◆ **Work to be completed**:
Leaving out every picture, quote the data below exactly as it appears.

◆ **Dataset section**:
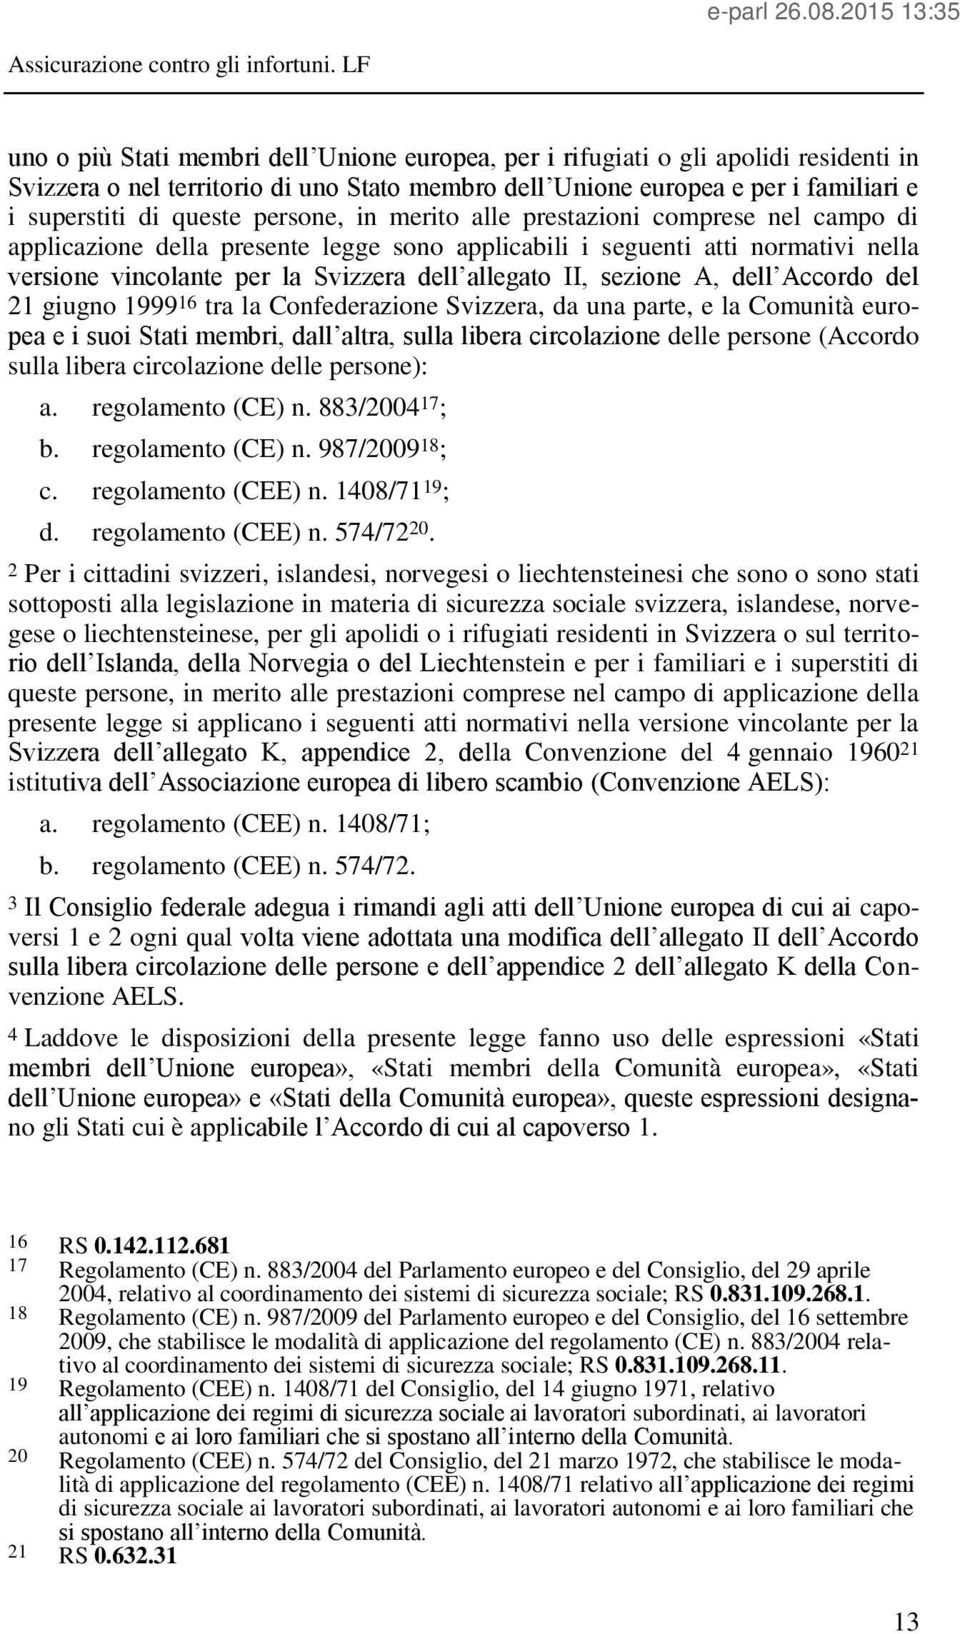 sezione A, dell Accordo del 21 giugno 1999 16 tra la Confederazione Svizzera, da una parte, e la Comunità europea e i suoi Stati membri, dall altra, sulla libera circolazione delle persone (Accordo
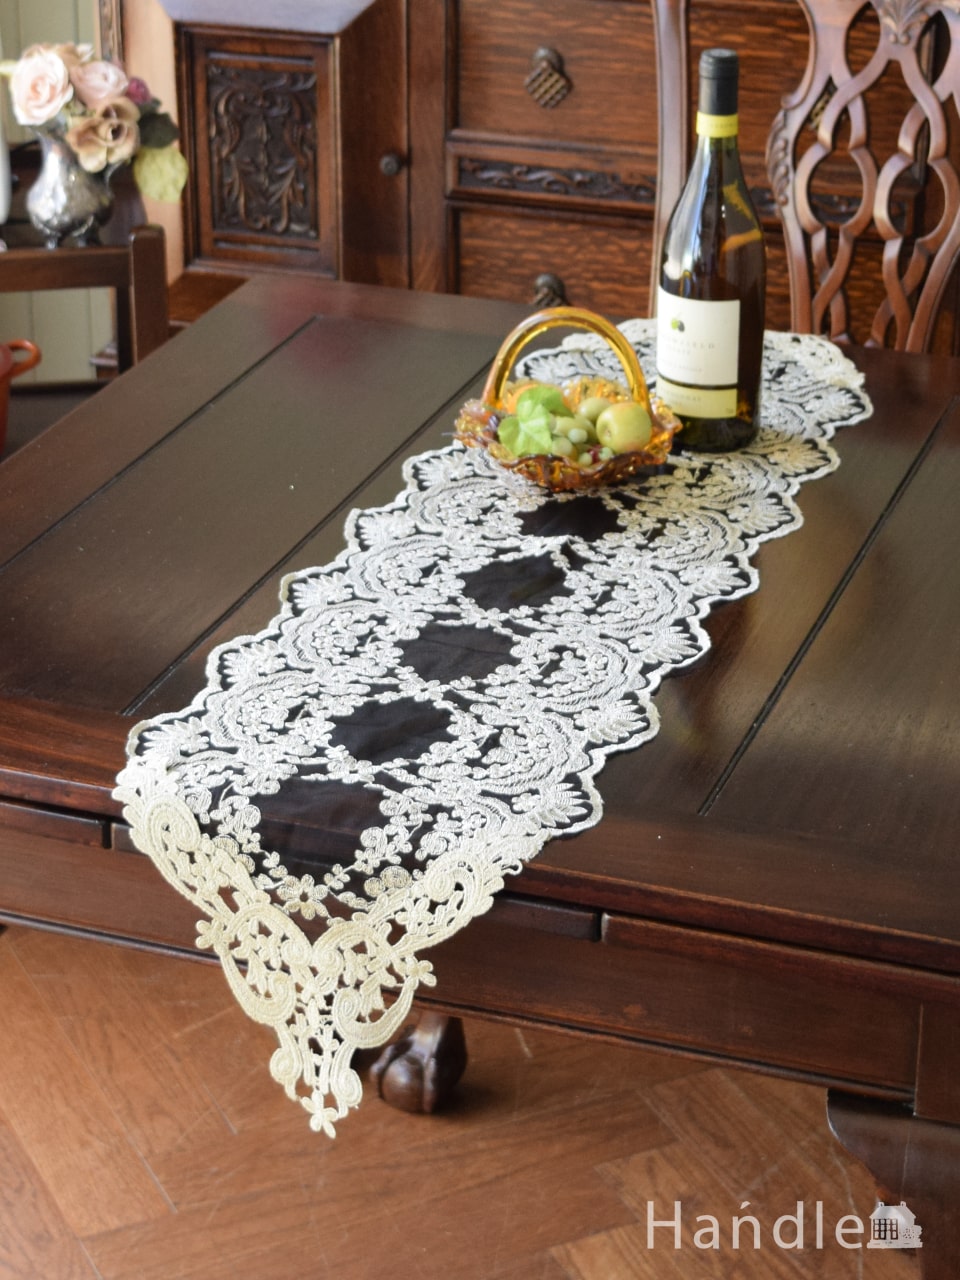 フレンチアンティーク調のテーブルランナー、華やかなお花の刺繍のレース120×30 (n20-111)
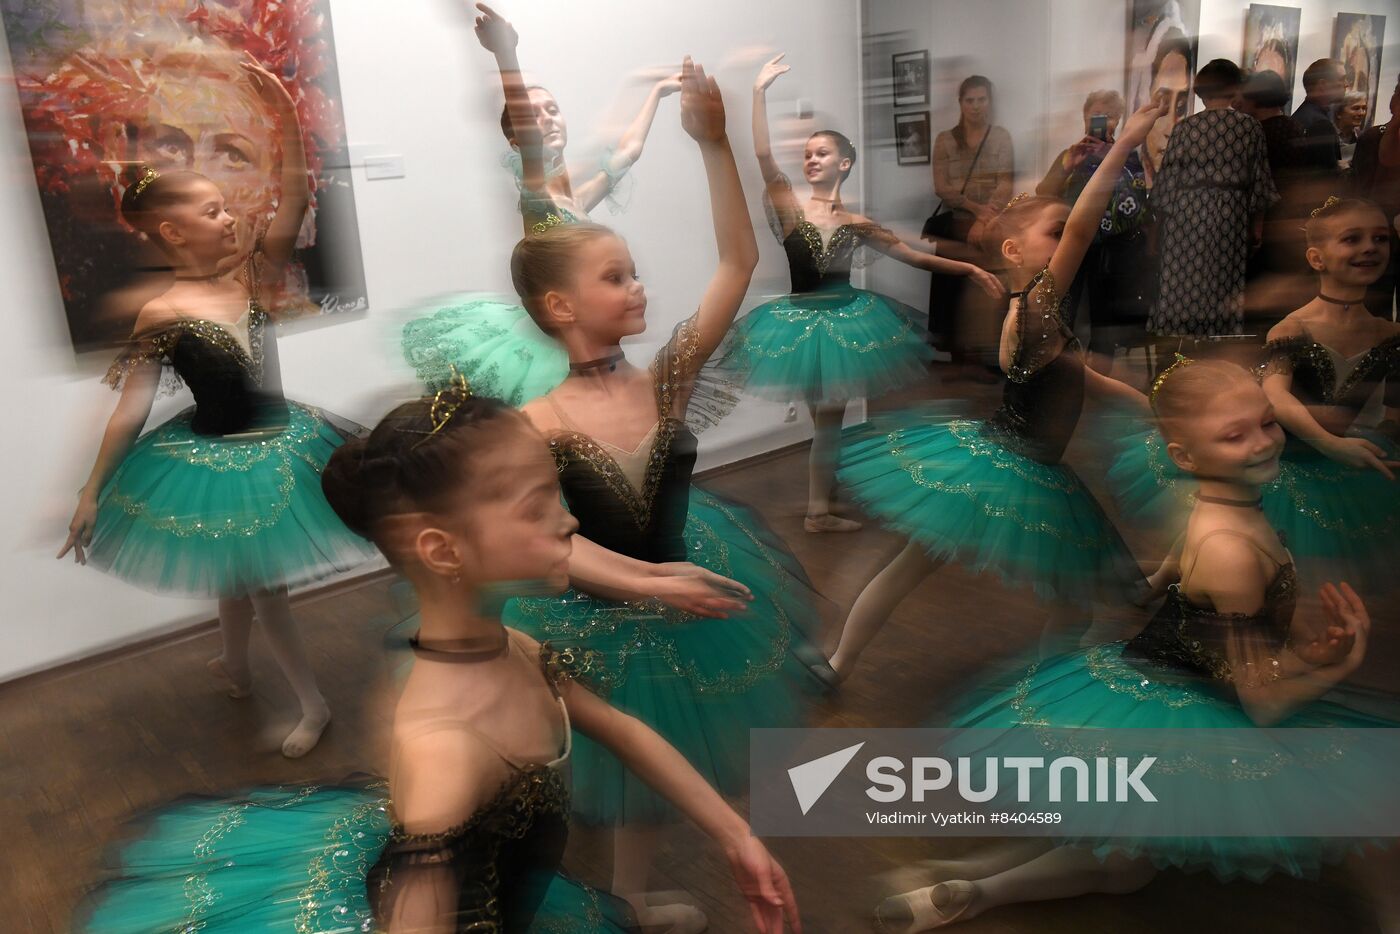 Russia Ballet Golovkina Exhibition

◆ **Response box**:
 sezione A, dell Accordo del 21 giugno 1999 16 tra la Confederazione Svizzera, da una parte, e la Comunità europea e i suoi Stati membri, dall altra, sulla libera circolazione delle persone (Accordo
 フレンチアンティーク調のテーブルランナー、華やかなお花の刺繍のレース120×30 (n20-111)
 Russia Ballet Golovkina Exhibition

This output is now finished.